Recent advances in unimanual manipulation policies have achieved remarkable success across diverse robotic tasks through abundant training data and well-established model architectures. However, extending these capabilities to bimanual manipulation remains challenging due to the lack of bimanual demonstration data and the complexity of coordinating dual-arm actions. Existing approaches either rely on extensive bimanual datasets or fail to effectively leverage pre-trained unimanual policies. To address this limitation, we propose \textbf{EnergyAction}, a novel framework that compositionally transfers unimanual manipulation policies to bimanual tasks through the Energy-Based Models (EBMs).
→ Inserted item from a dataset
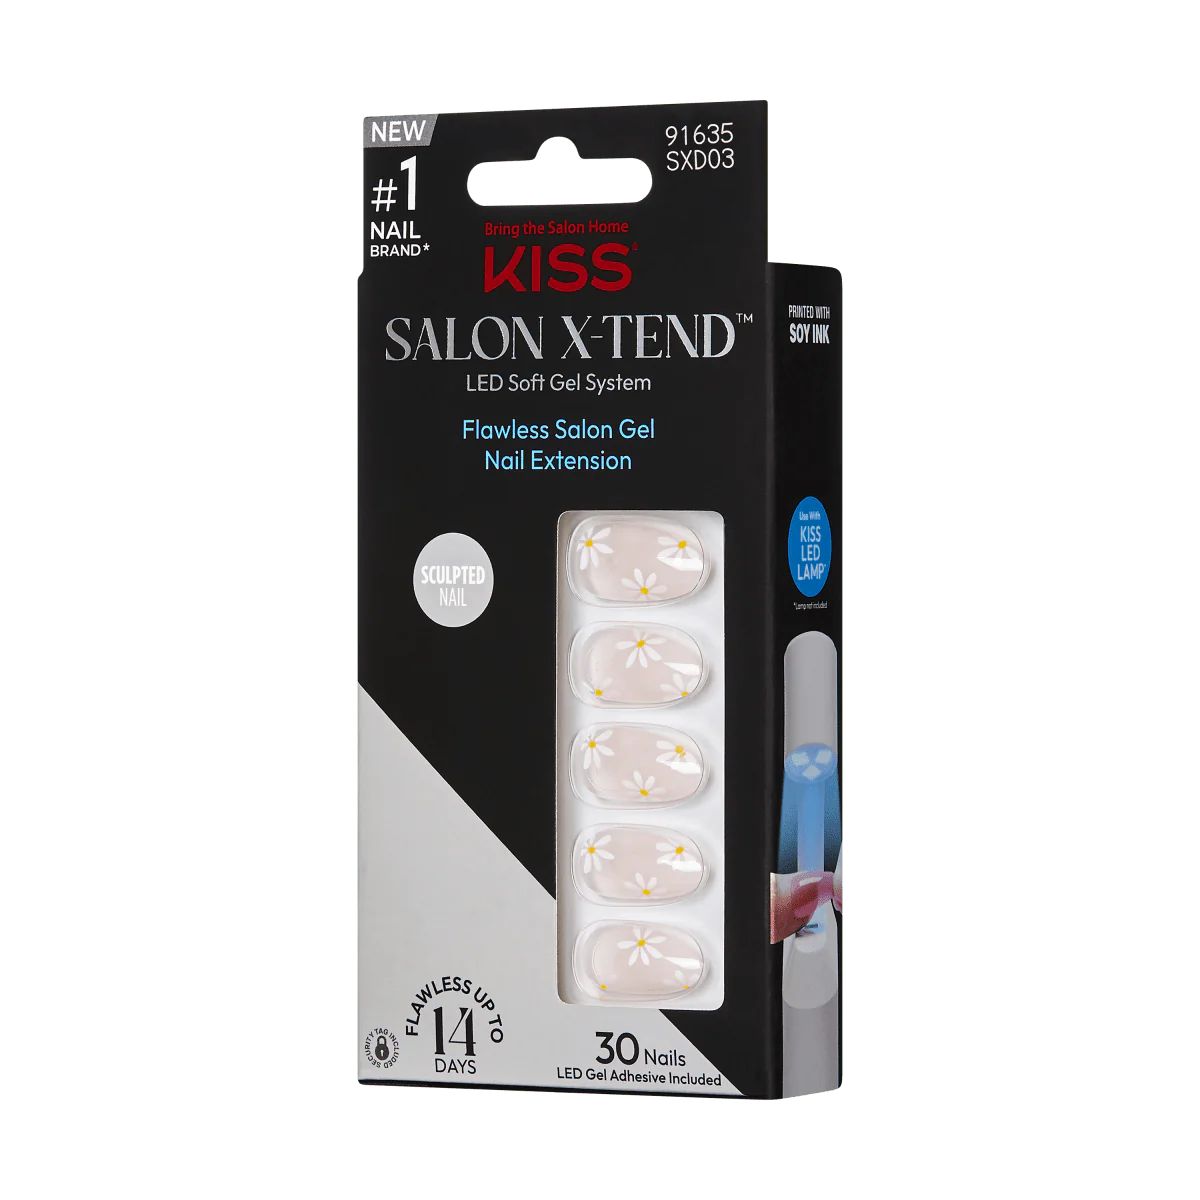 KISS Salon X-tend LED Soft Gel System Decorated Nails, Pink, Medium Almond, 34 Ct. | KISS, imPRESS, JOAH

Specifically, our method incorporates three key innovations. First, we model individual unimanual policies as EBMs and leverage their compositional properties to compose left and right arm actions, enabling the fusion of unimanual policies into a bimanual policy. Second, we introduce an energy-based temporal-spatial coordination mechanism through energy constraints, ensuring the generated bimanual actions are both temporal coherence and spatial feasibility. Third, we propose two different energy-aware denoising strategies that dynamically adapt denoising steps based on action quality assessment. These strategies ensure the generation of high-quality actions while maintaining superior computational efficiency compared to fixed-step denoising approaches. Experimental results demonstrate that EnergyAction effectively transfers unimanual knowledge to bimanual tasks, achieving superior performance on both simulated and real-world tasks with minimal bimanual data.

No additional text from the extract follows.